As Bradi looks at me, she takes in my wild, glazed eyes, my erratic breaths, my lip biting, and her face softens. She walks over and sits next to me on the desk, taking my shaking hands in hers. “Lexi, it’s ok. I don’t really understand what just happened, but I get it. I’m not mad. Honestly I am shocked though. You’re my best friend. We’ve been best friends for seven years, since sophomore year of college, and you’re always so put together. The Lexi I know hates rock stars, so the thought that you’ve gotten jiggy with one of the hottest rock stars on the planet is a lot to take in, ok? But it’s cool. I love you.” She sighs softly. “Are you going to be ok? What are you going to do?”
Breathing in through my nose and out through my mouth, I look at her and shrug. “I have no idea. What can I do? He’s here. I don’t know why he’s here or why he came into my shop, but he’s here. Fuck me.”
There’s a knock at the office door and it slowly opens. Erik pops his head in. “Hey love, you ok?” He looks at me with concern. “That was… well shit, that was intense. I’m sorry it happened.

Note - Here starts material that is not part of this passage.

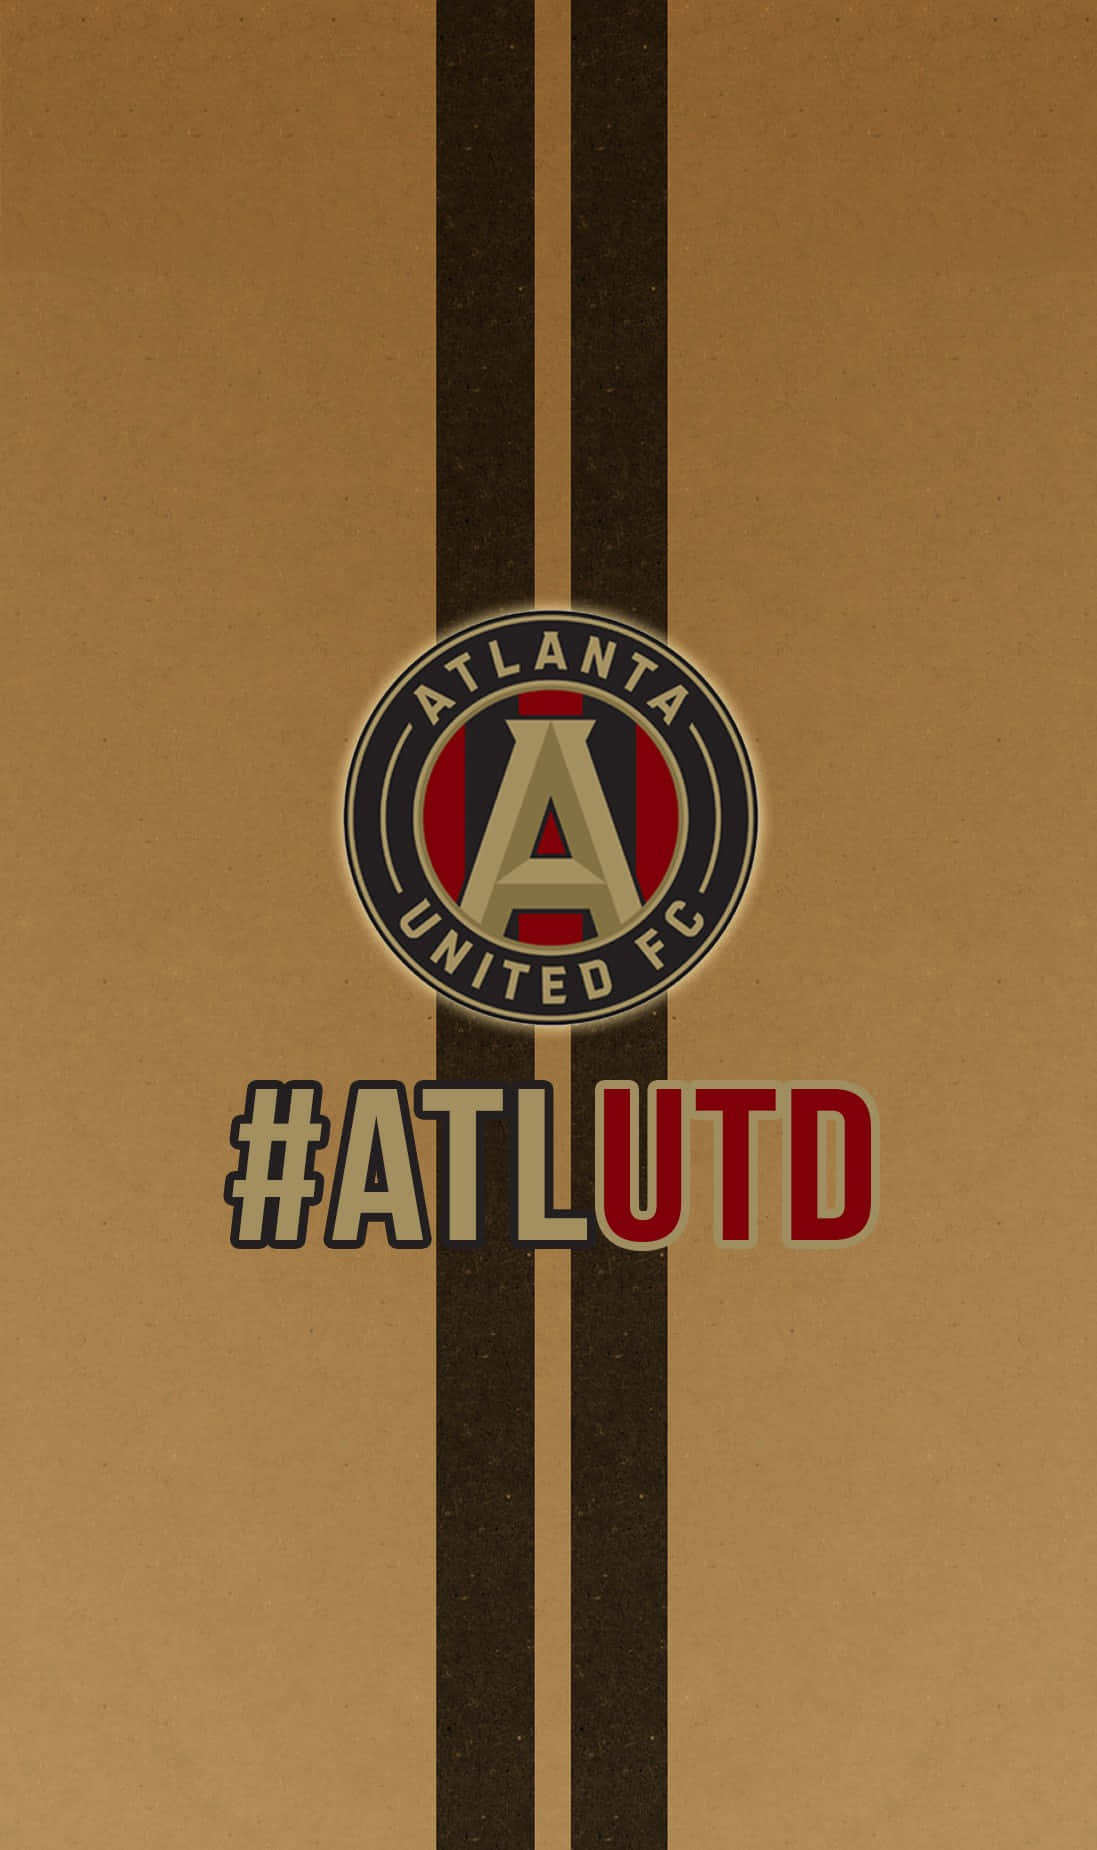 Atlantaunited Fc Atlutd Logo In Braun. Wallpaper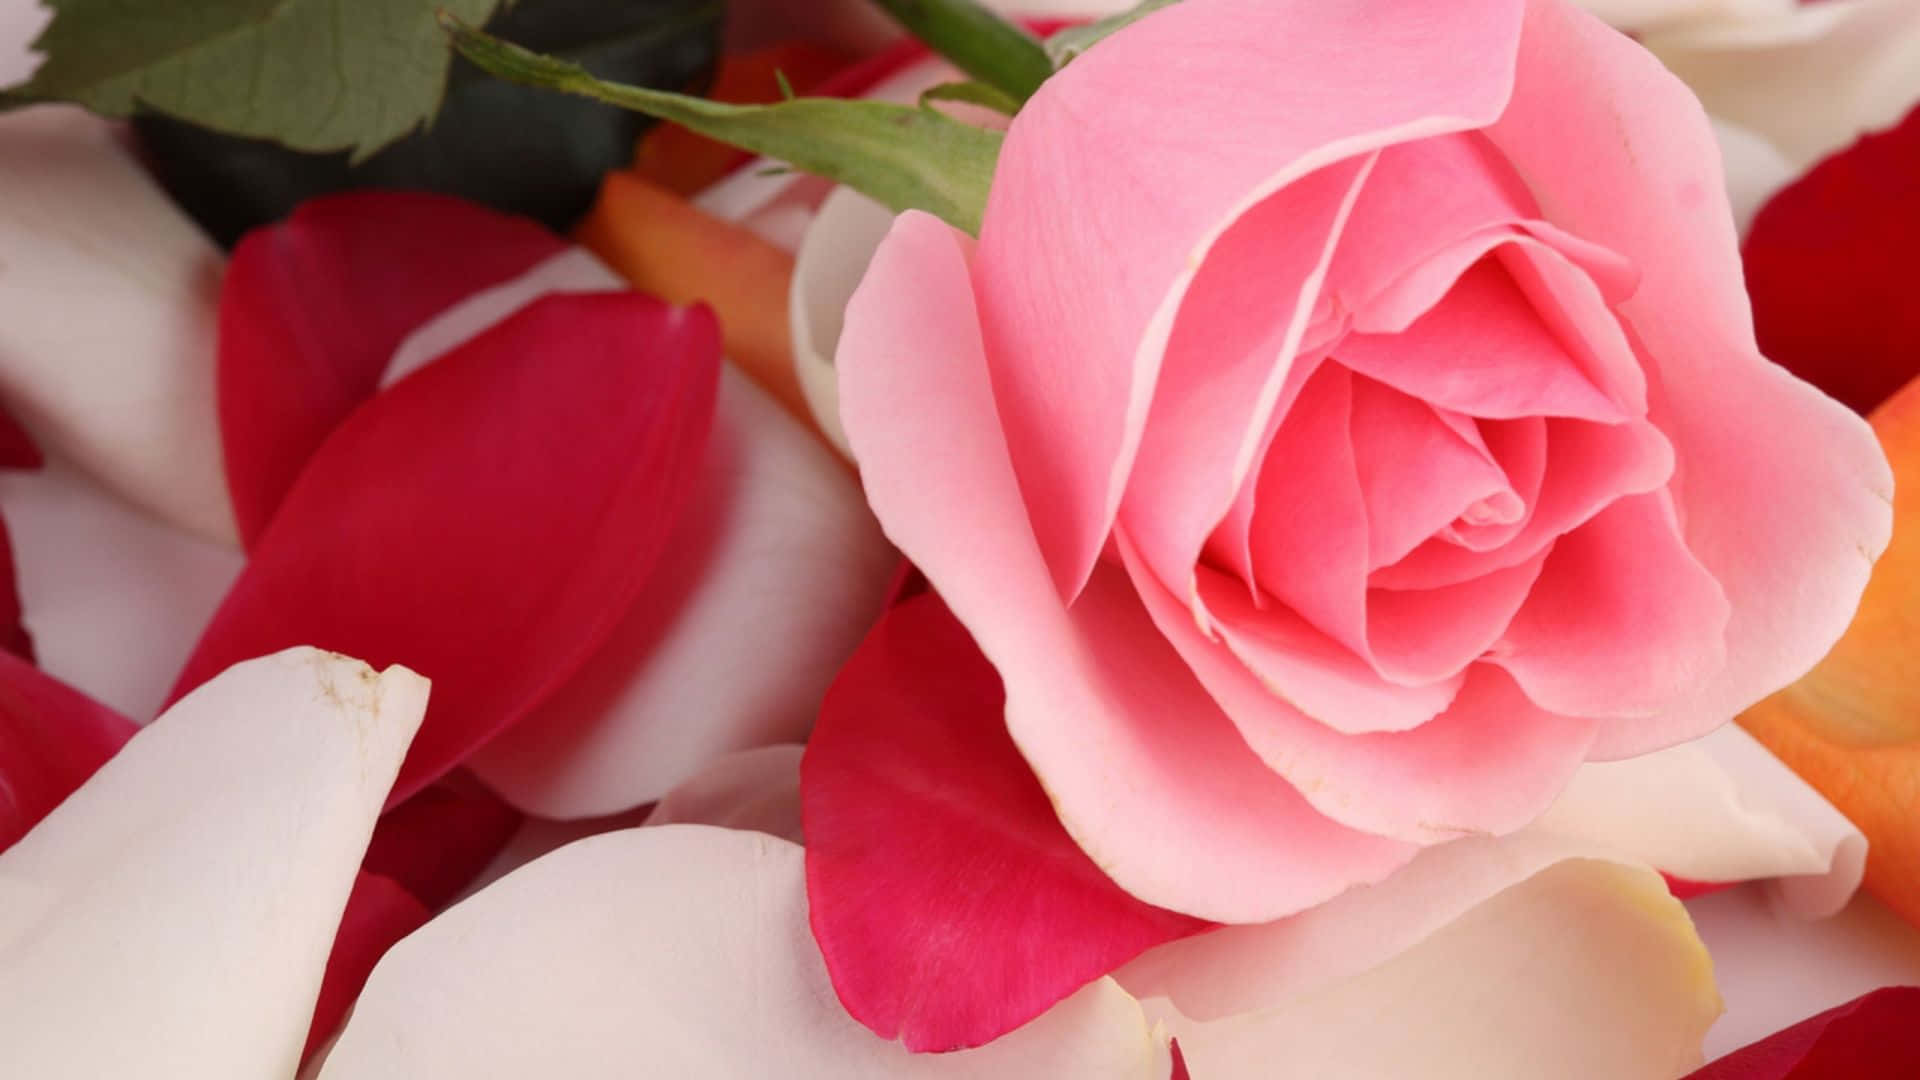 Unarosa Rosa In Fiore Circondata Da Una Folta E Vibrante Vegetazione.

I shut the place down for the night.”
Nodding my head yes, I drop Bradi’s hand and look at Erik. “Yeah… is he gone?”
“Yeah babe, he’s gone and his fan club along with him. Now tell me the truth. Are you ok? Remember I know you, so I know when you lie. And I know that was hard for you.” He throws his arm around me and I lay my head on his muscled chest and squeeze his jean-clad thigh.
“I dunno, E. I really don’t know. I wasn’t expecting that, although I should have. I mean I knew he was in town with the concert and all, but why did he come here? Why would he come here? Did you know he was coming here?”
Erik hugs me tight and I wrap my arms around him. He’s so built, my hands can barely reach around his stomach. He’s warm and comfortable and he feels like home. I love him so much.